Back in the parking lot, two bulls rush toward the building. The rest stay put, pushing their fear into the mob outside Neuro. With little time to spare, I abandon the rifle and step out of the mirror and back into reality.
I’m back for just a fraction of a second, recovering from the painful shift, when Allenby shouts, “What did you do?”
I look out over the parking lot, expecting to see the remains of people whom I’d mistakenly shot with bullets from the mirror dimension. But there are no bodies and no blood. Even the Dread remains are gone, back in their home dimension. It’s the living who have Allenby spooked. The mob is marching forward, just one hundred feet out and closing.
“You need to get back inside,” I say to Allenby and Dearborn before turning to Katzman and the two Dread Squad soldiers. “Hell is about to rain down on this place from the north. If you’re out here when they arrive, you’ll all be shooting each other or jumping off the building.”

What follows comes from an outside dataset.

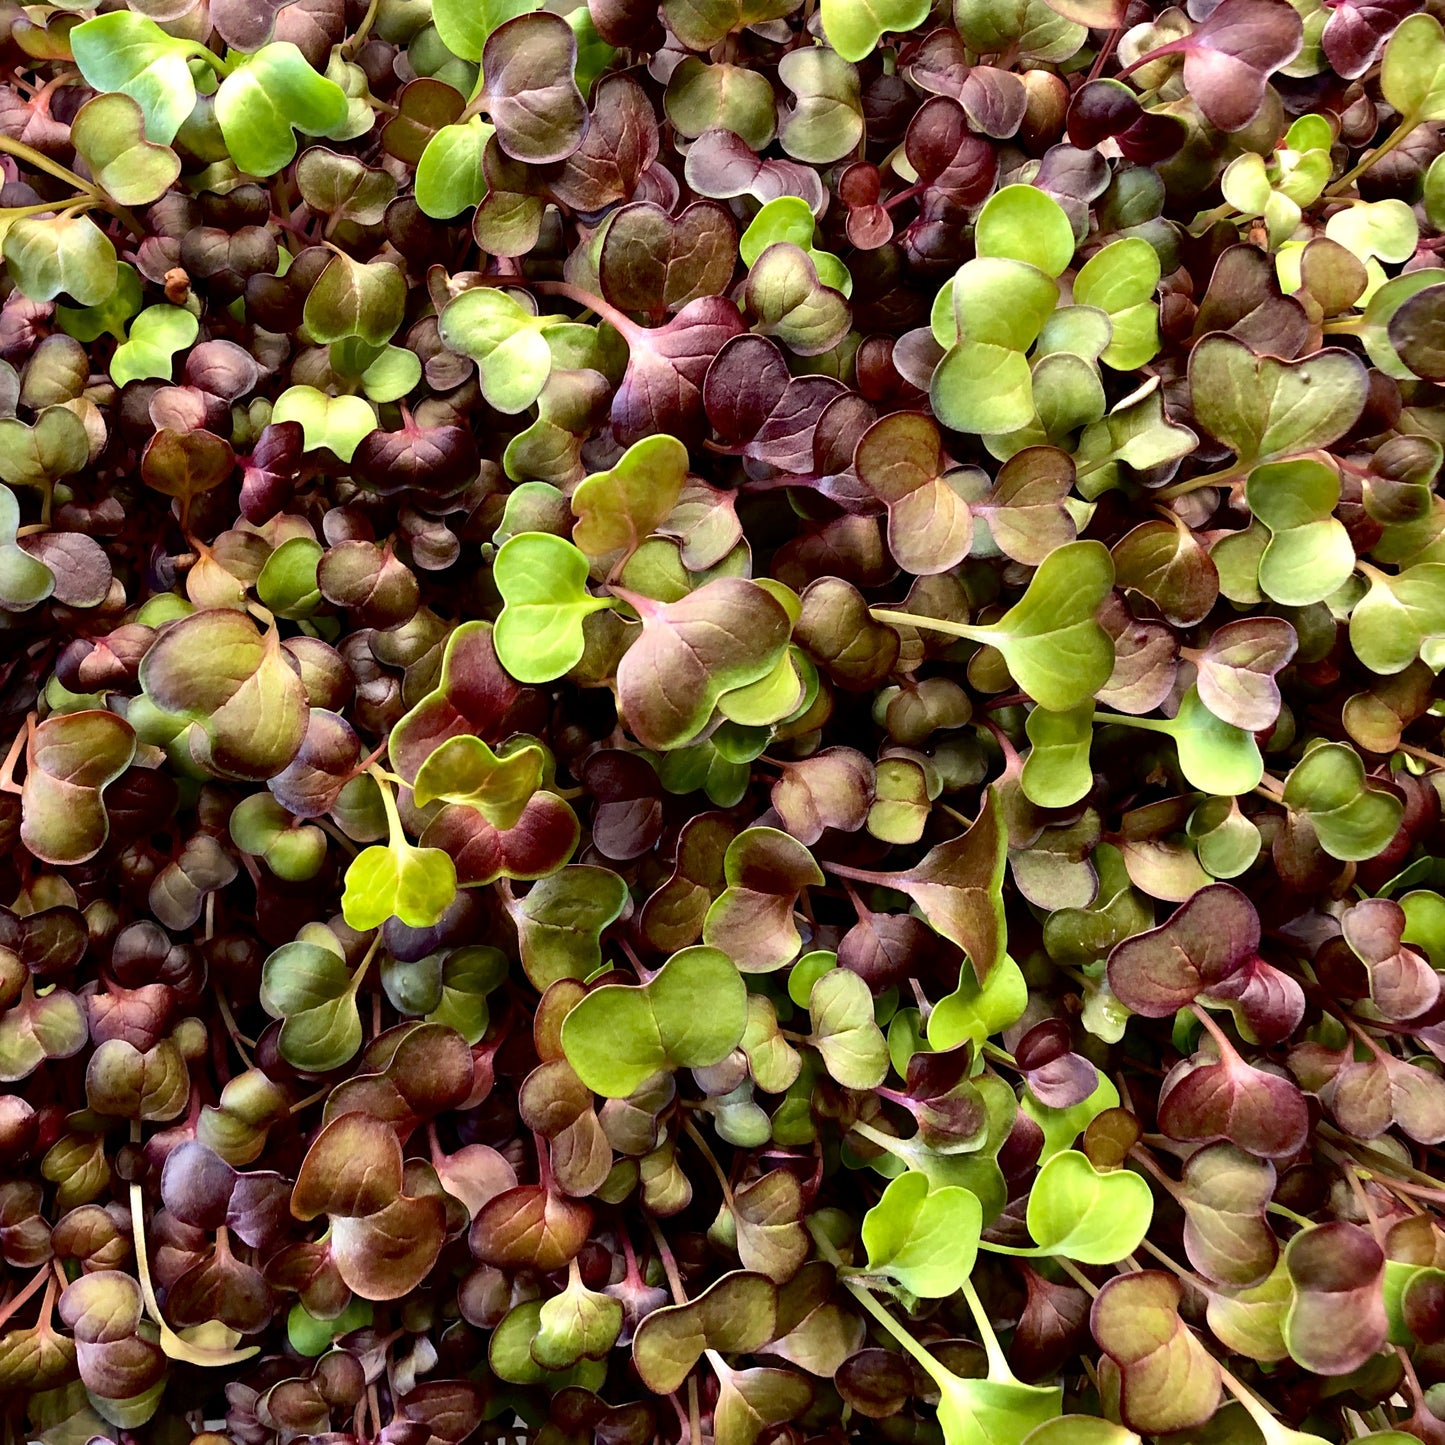 Radish microgreens have bright green and purple heart shaped leaves

“Back inside,” Katzman says to his men, who eagerly obey.
Allenby lingers. “What’s coming?”
“Bunch of mothmen and some kind of giant flying-centipede thing.”
Dearborn gasps. “Ōmukade.”
“I think so, yeah.” I grasp Allenby’s arm. She doesn’t want to leave. Probably thinks she’ll never see me again. And she might be right, but if she stays here, distracting me, we’re both going to die. “Go. Now.”
When Katzman takes her arm and pulls, she relents. With one last look of concern cast in my direction, she flees past the immobile helicopter and toward the rooftop elevator doors.
Without watching to make sure they make it, I pick up the bow, cinch the assault rifle’s strap tighter, and leap over the side of the roof. I land on the slanted windows and quickly pick up speed, doing a repeat performance of my previous escape, this time with more guns and a clearer purpose. Nine stories slide past in seconds. When I near the bottom, the crowd is within thirty feet. I splay my arms and legs, pushing my palms and boot soles hard against the glass.
My drop off the edge is controlled, and I land on my feet. The mob is upon me, just fifteen feet. Running now. Arms outstretched, eyes angry.